Desde la lejana Australia nos llega un debut, el de Patrick Hughes (director, guionista y productor de Red Hill), que transpira aires de viejo western por todos sus poros.

Una pequeña población lejana al mundanal ruido, unos defensores de la ley corruptos, un presidiario fugado que clama venganza y un joven policia obligado por las circunstancias a ejercer de auténtico héroe de la función. Estos son, básicamente, los elementos que maneja Hugues para edificar un debut cinematográfico del que así, de buenas a primeras, sorprende por una razón: Red Hill es una película visualmente hermosa, digna de ser contemplada.

El joven agente de policia Shane Cooper llega a su nuevo destino, Red Hill, acompañado de su mujer, que está a punto de dar a luz al primer hijo de ambos. El primer día de Cooper en el servicio será inolvidable.
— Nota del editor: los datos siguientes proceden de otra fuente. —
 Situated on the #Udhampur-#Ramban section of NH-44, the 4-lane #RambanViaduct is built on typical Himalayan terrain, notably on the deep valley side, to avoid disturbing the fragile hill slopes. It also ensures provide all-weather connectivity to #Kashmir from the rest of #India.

Un peligroso criminal aborígen escapado de prisión que responde al nombre de Jimmy Conner ha regresado a Red Hill. Silencioso, despiadado y con una puntería prácticamente infalible, Jimmy Conner parece dispuesto a no dejar títere con cabeza en Red Hill. ¿Sus motivaciones? Le corresponde a Cooper, el recién llegado, averiguarlas.
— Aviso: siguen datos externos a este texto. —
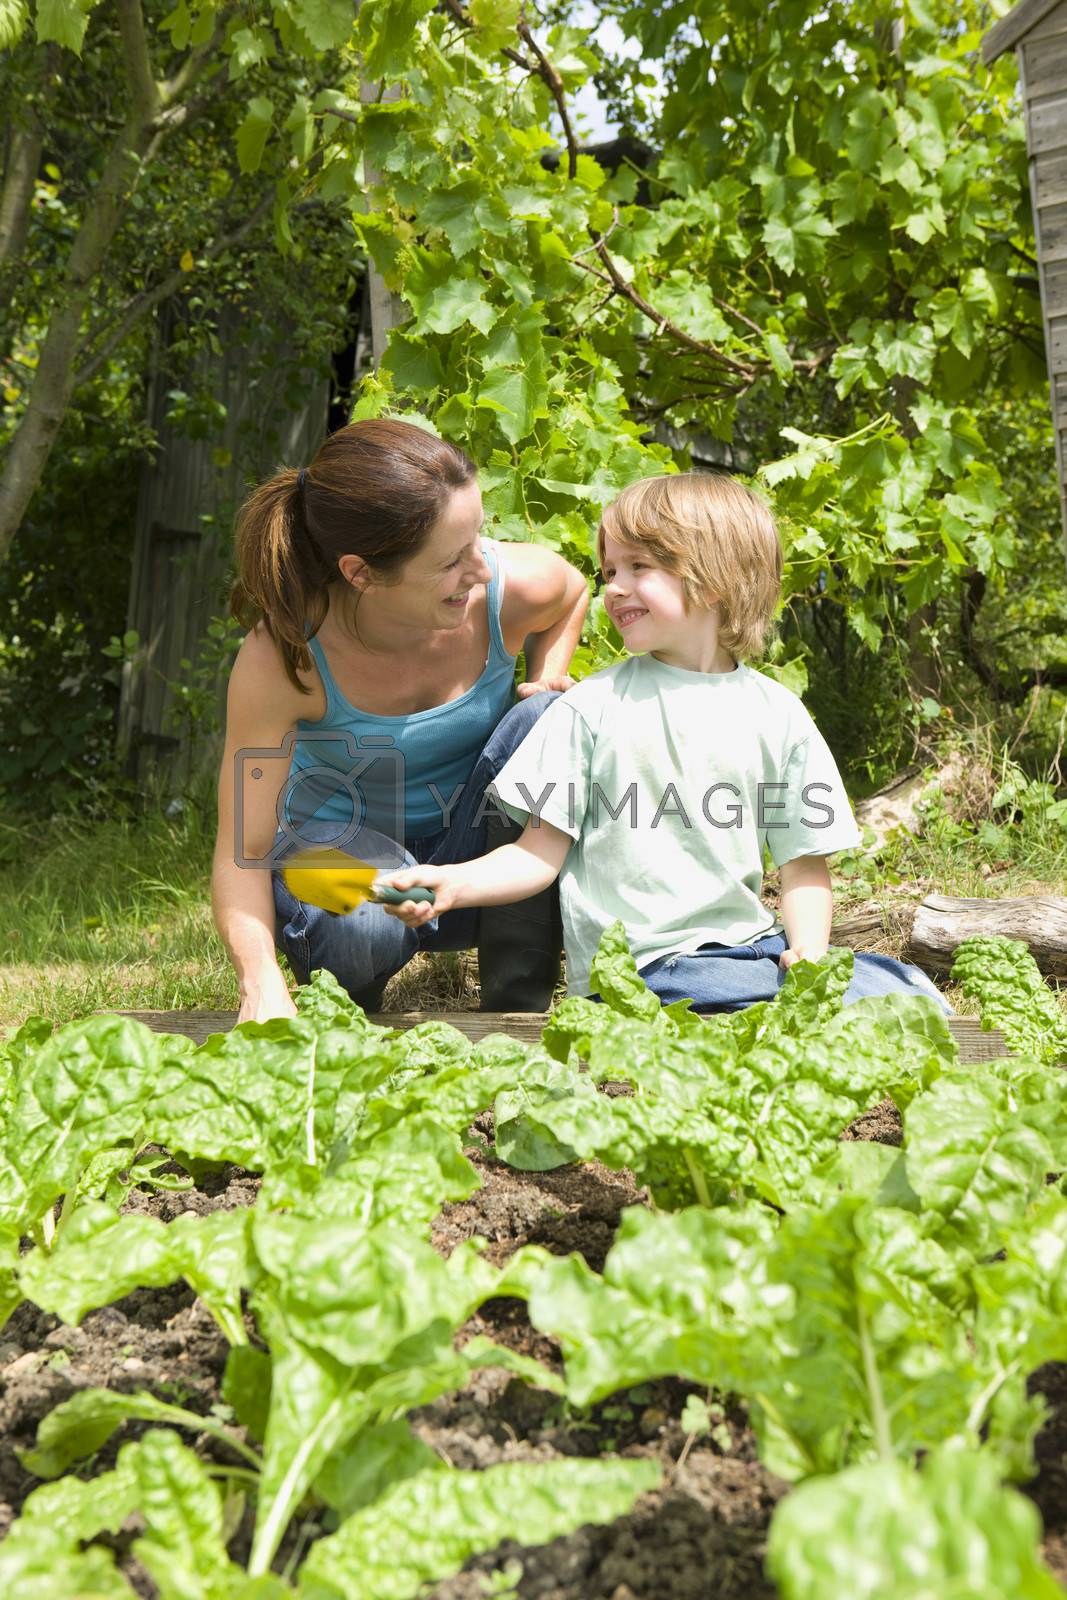 Royalty free image of Boy gardening with mother by moodboard

A medio camino entre el thriller, el western crepuscular de Sam Peckimpah y los personajes vengativos de Clint Eastwood (las similitudes con Infierno de Cobardes, dirigida y protagonizada por Eastwood, son evidentes en la presencia de un Jimmy Conner cargado de cierta aura mística e incluso sobrenatural); Red Hill es, ante todo, un ejercicio de estilo cuyo objetivo fundamental es el de recuperar el sabor, la textura y la banda sonora del western adaptándolo a una historia de evidente corte clásico pero ambientada en la actualidad.

Desde un punto de vista meramente formal Red Hill es un ejercicio de estilo impecable. La película de Hughes no solo es capaz transmitir todo el sabor del western en una historia que hace auténtica apología de la venganza (una situación muy ligada al género y que tiene en Sin Perdón, nuevamente de Eastwood, una de sus piezas cumbre), si no que además logra destacar como un producto ciertamente atractivo, a simple vista, gracias a su excelente fotografía, su cuidada banda sonora y a unas correctísimas interpretaciones por parte de todos los actores implicados.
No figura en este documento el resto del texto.